Истинная трагедия Германа Карловича состоит в том, что сходство, а значит существование минус-Я оказалось общественно не признанным. Это во сто крат важнее для героя, чем провалившееся предприятие страхового обогащения и (в такой же мере невозможное) наказание.

Кульминационную ситуацию «Отчаяния» Набоков почти подчеркнуто выполняет в андреевском ключе. Финал IX главы – сцена физической гибели Феликса (минус-Я) – откровенно обнажает границу живой и неживой материи: «…Феликс упал, – он упал не сразу, сперва докончил движение, еще относившееся к жизни… по инерции… уже насквозь пробитый, ко мне обратился лицом, медленно растопырил руку, будто спрашивая: что это?.. начал кобениться, как если бы ему было тесно в новых одеждах; вскоре он замер». Остается понять, какого Андреева здесь больше – автора «Красного смеха» или «Жизни Василия Фивейского»: границы живой и неживой материи относительны, нефиксируемы в обоих случаях.

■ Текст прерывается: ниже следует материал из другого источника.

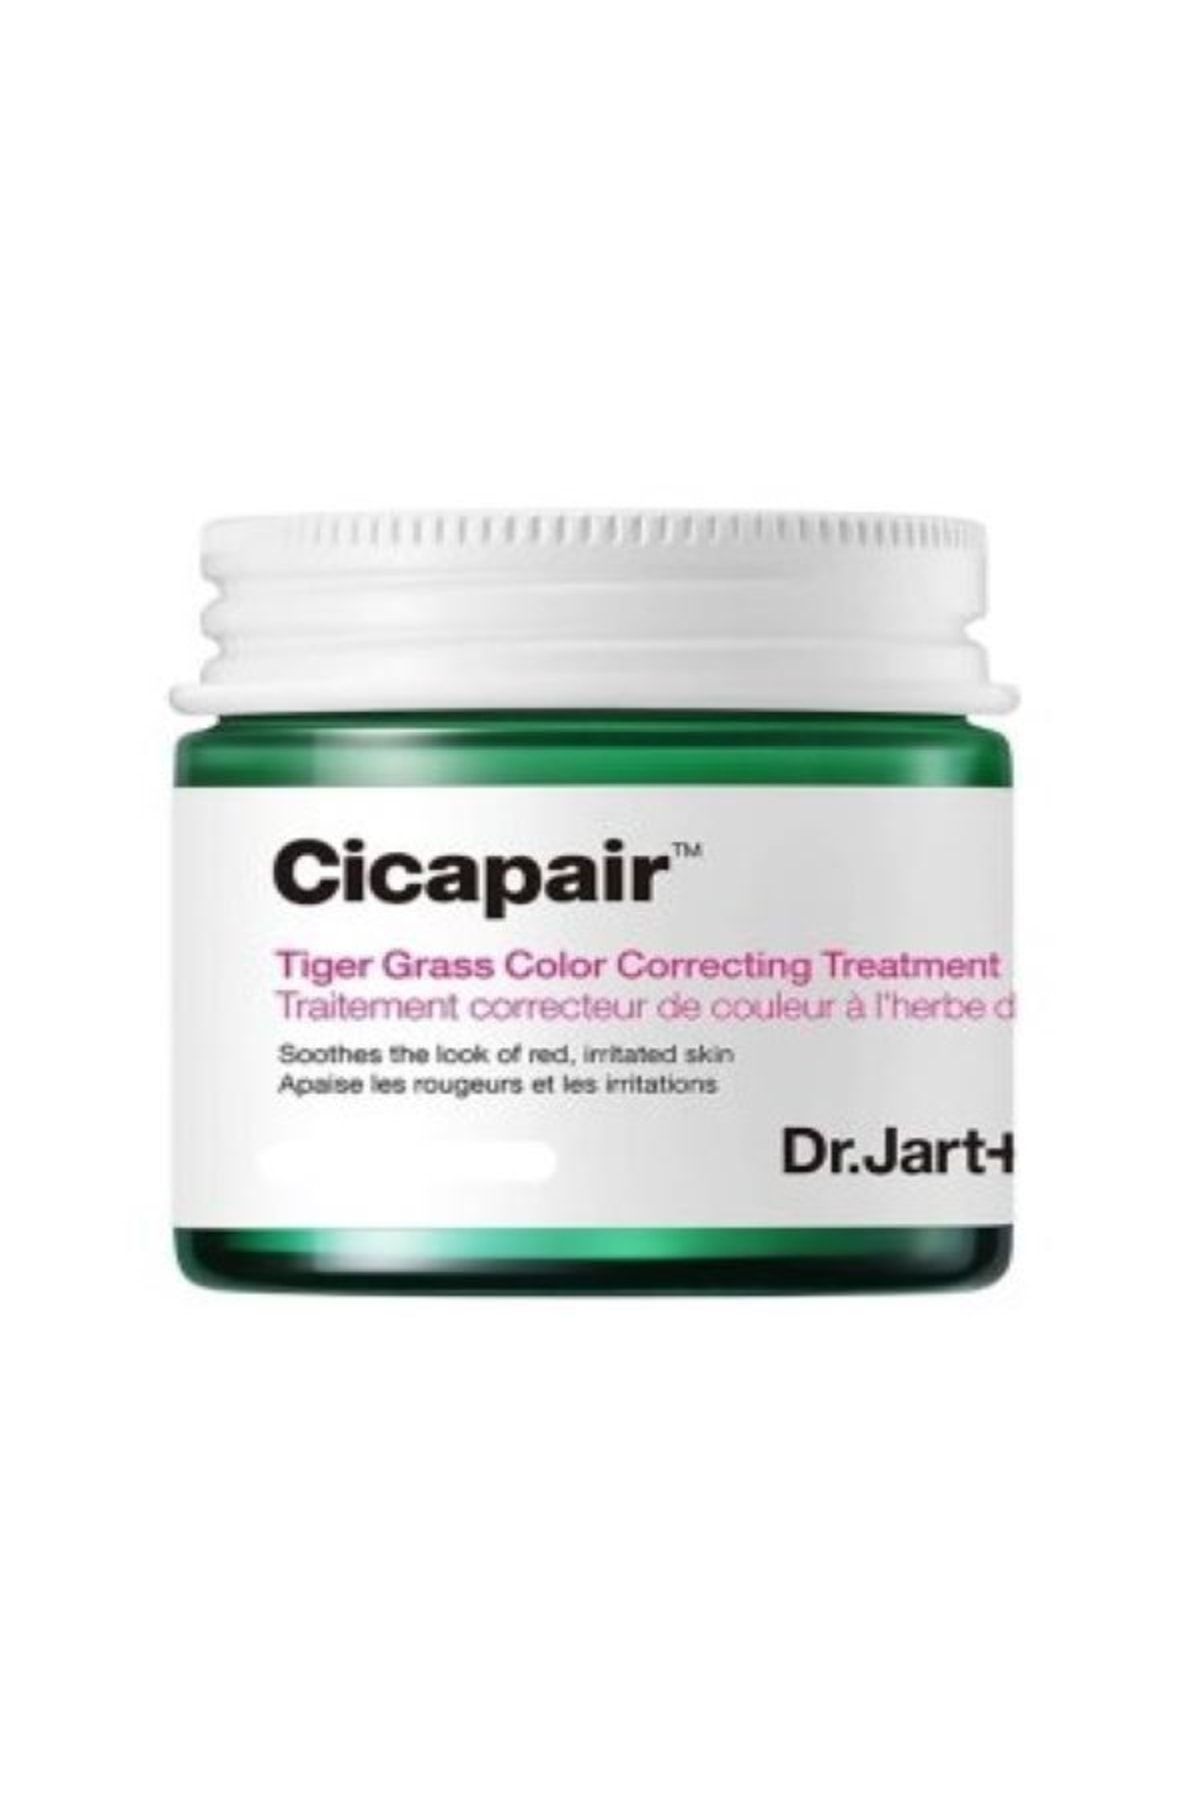 Dr. Jart+ Dr.jart+ Cicapair Tiger Grass Color Treatment Cilt Tonu Eşitleyici Bakım Kremi 30 Mshopping Fashions

Второй андреевский контекст – эксперимент Керженцева («Мысль»), преступление которого было столь же «бескорыстно»: «…Я, гениальный новичок… мучительно жаждал, чтобы скорее это мое произведение, законченное и подписанное девятого марта в глухом лесу, было оценено людьми, чтобы обман – а всякое произведение искусства обман – удался: авторские же, платимые страховым обществом, были в моем сознании делом второстепенным. О да, я был художник бескорыстный». Керженцев – экспериментатор преступления, Герман Карлович – артист преступления, для которого граница не в нем самом, а в общественном признании его «произведения». Высшая ли то степень творческого взлета или низшая ступень человеческого саморазрушения, ответ на вопрос остается за пределами ограниченной действительности, в беспредельности интеллекта и совести, где существовало неведомо для окружающих минус-Я и в которую оно кануло навсегда. «Что именно больше всего поражало, оскорбительно поражало меня: ни звука о сходстве… выходило так, что это человек совершенно другого вида, чем я…». А, может быть, все гораздо проще: не подтвердился главный теоретический посыл бескорыстного художника, заключавшийся в том, что «смерть – это покой лица, художественное его совершенство»? Над подобными границами – и столь же тщательно – работал и Л. Андреев.